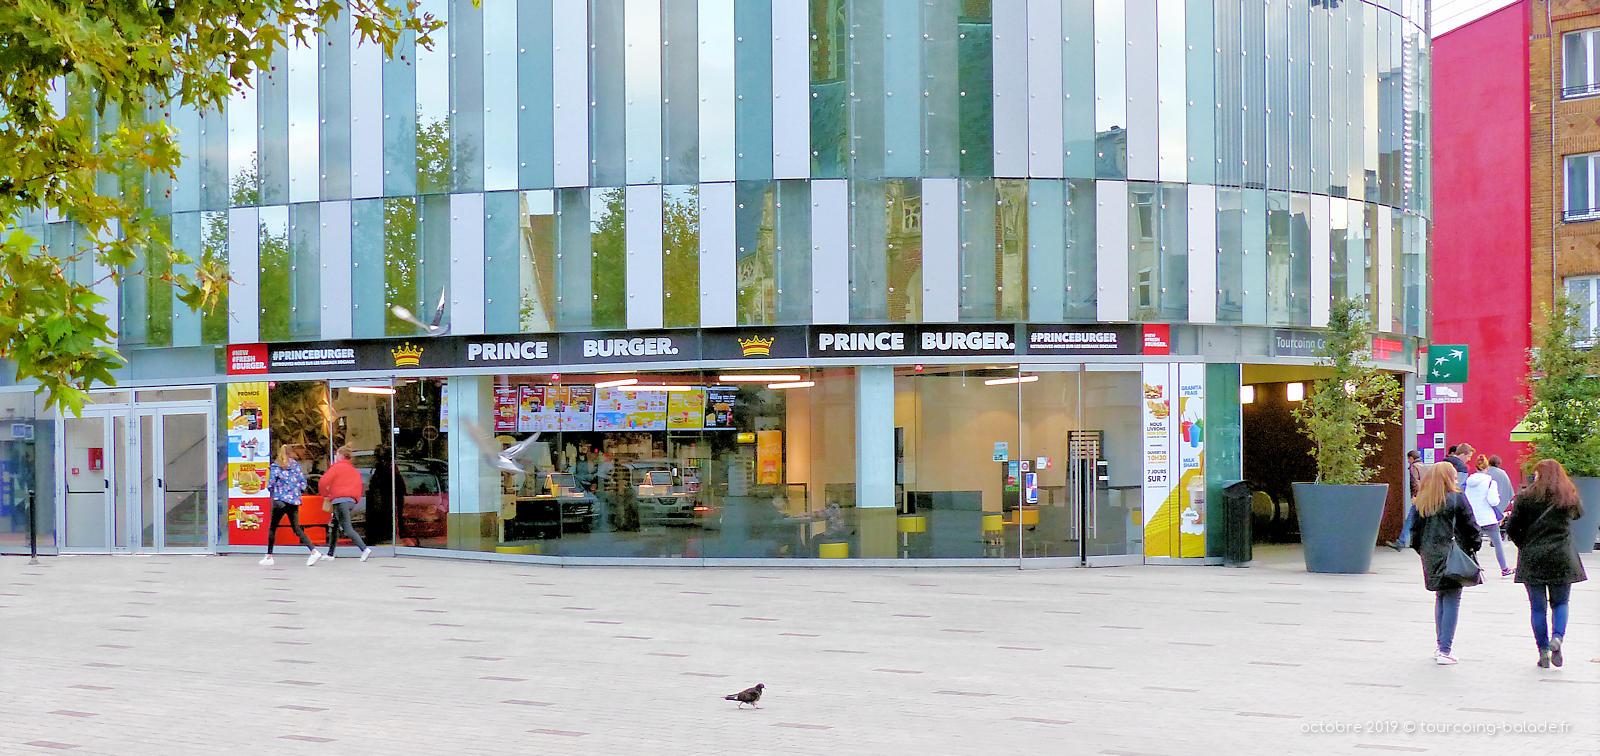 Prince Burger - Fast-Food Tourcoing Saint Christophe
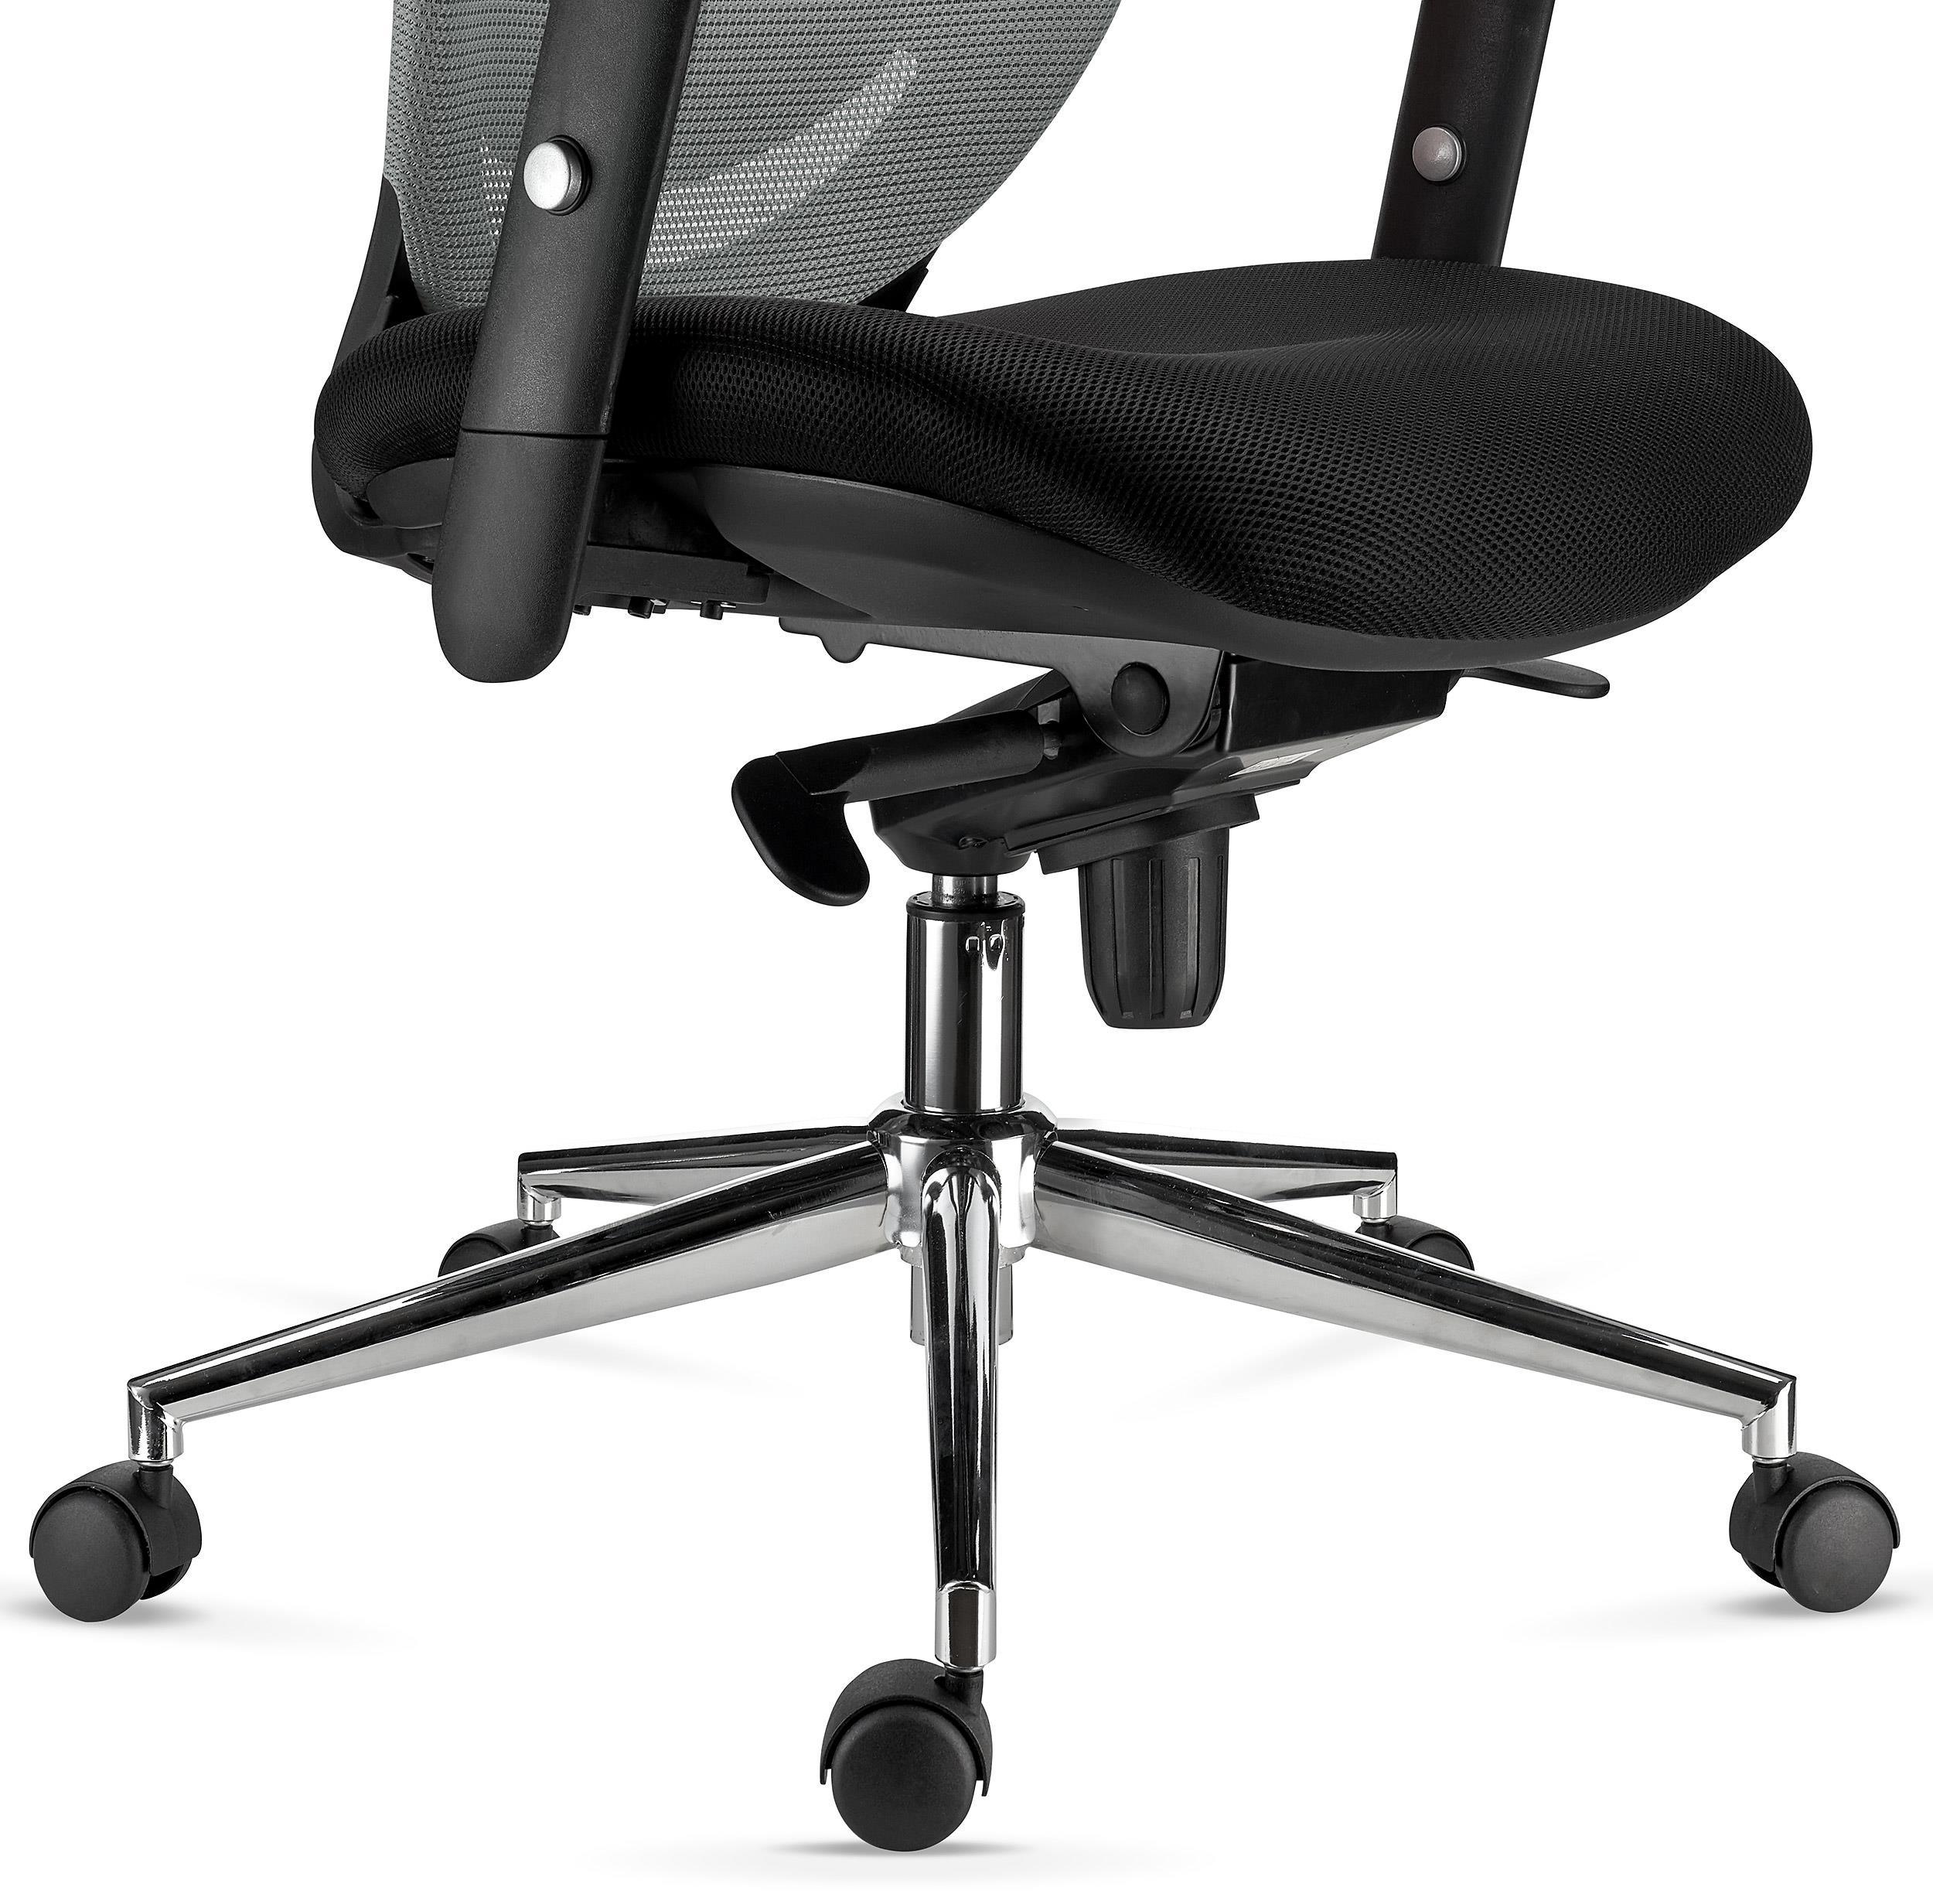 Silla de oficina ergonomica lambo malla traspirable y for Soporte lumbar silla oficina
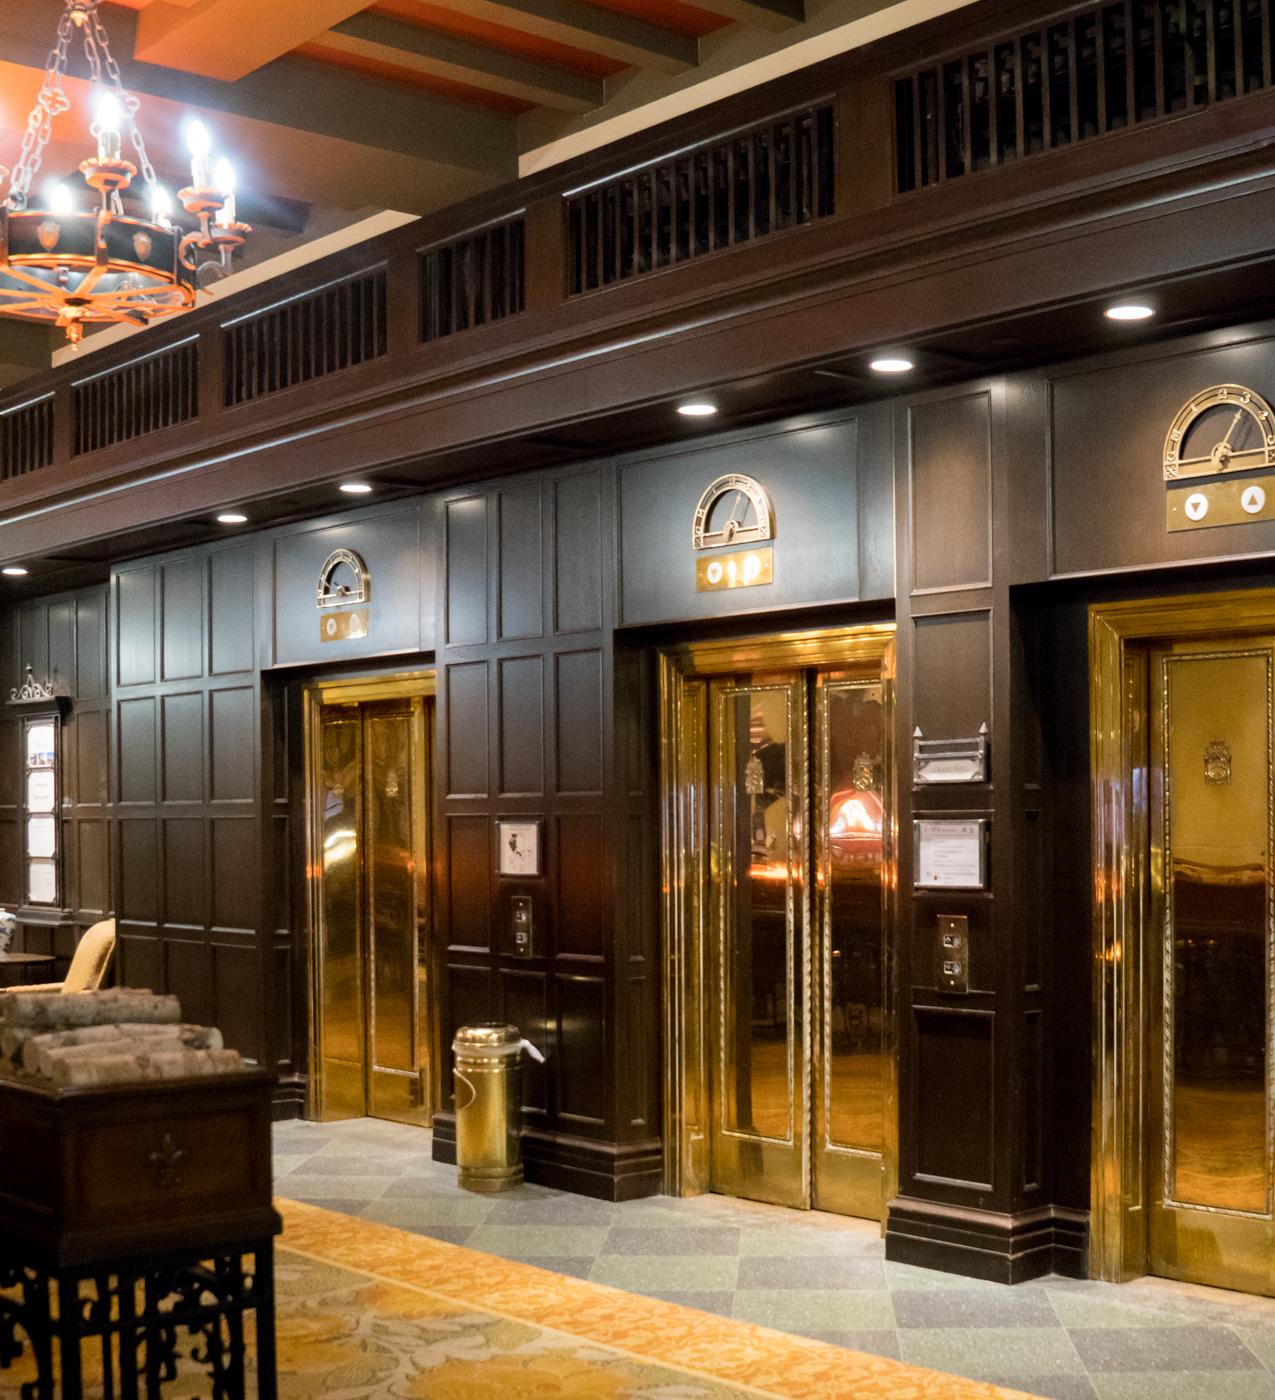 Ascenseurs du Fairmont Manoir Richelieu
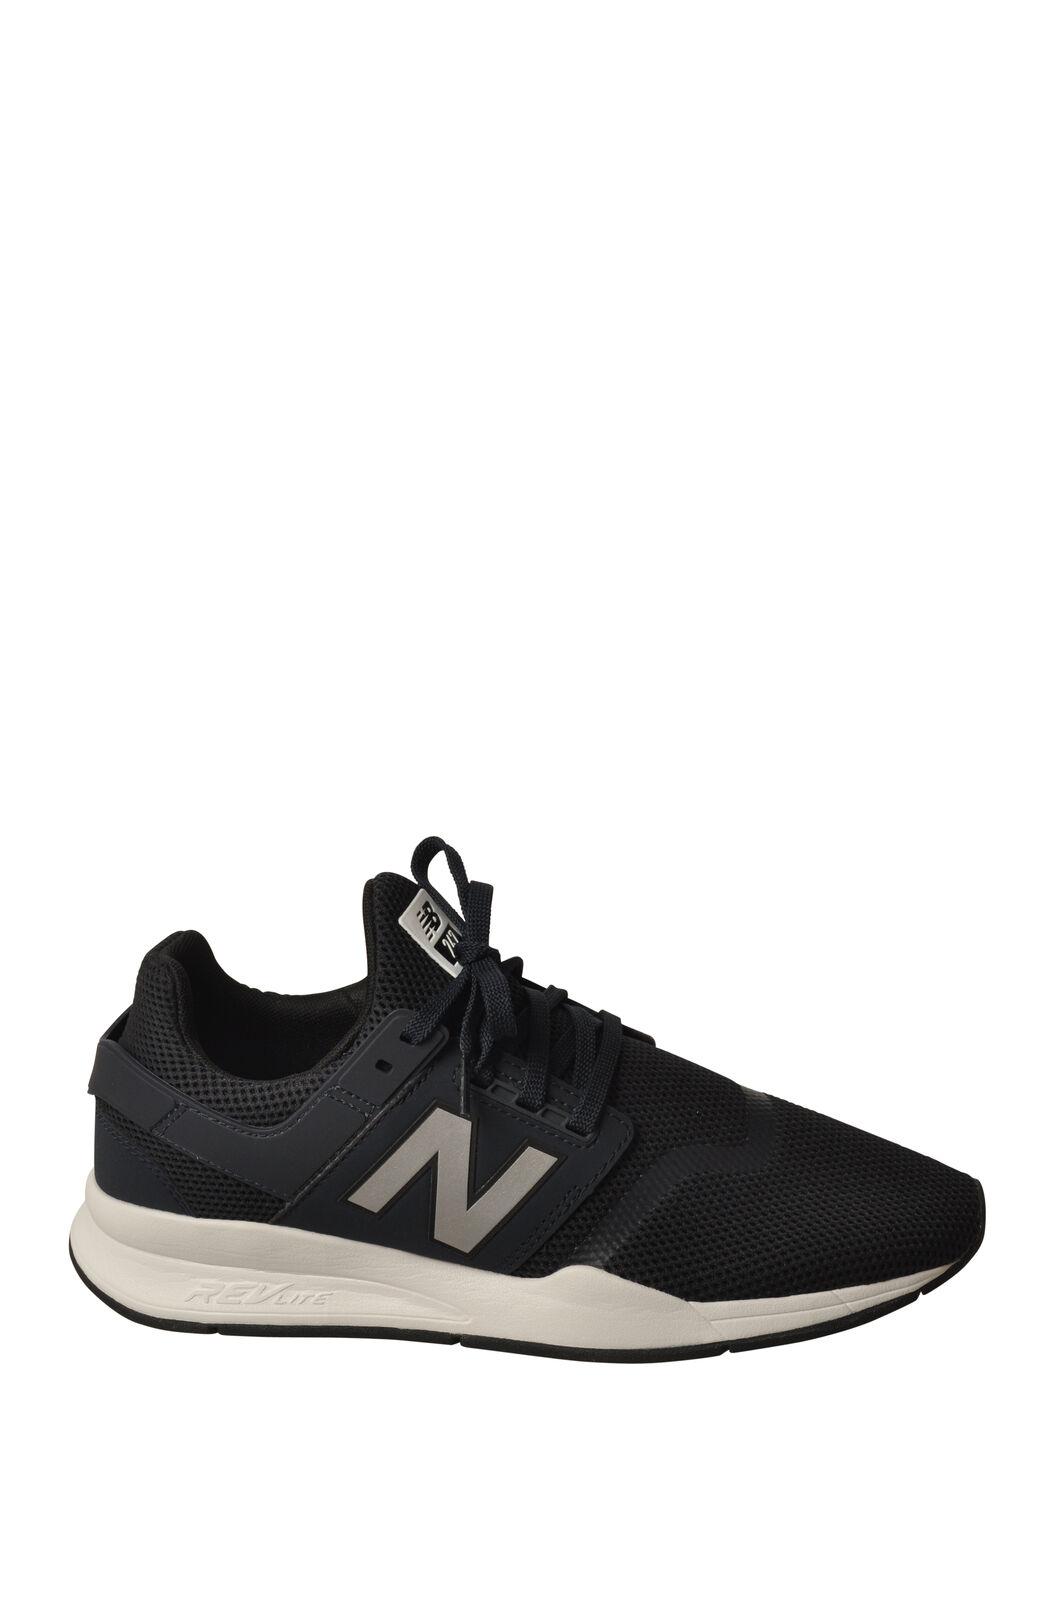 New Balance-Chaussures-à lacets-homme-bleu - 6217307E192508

**What is needed**
Please ensure that the data above is repeated exactly, with no pictures in the copy.

**Exercise answer**
 Prince Burger - Fast-Food Tourcoing Saint Christophe
 Silla de oficina ergonomica lambo malla traspirable y for Soporte lumbar silla oficina
 Ascenseurs du Fairmont Manoir Richelieu
 New Balance-Chaussures-à lacets-homme-bleu - 6217307E192508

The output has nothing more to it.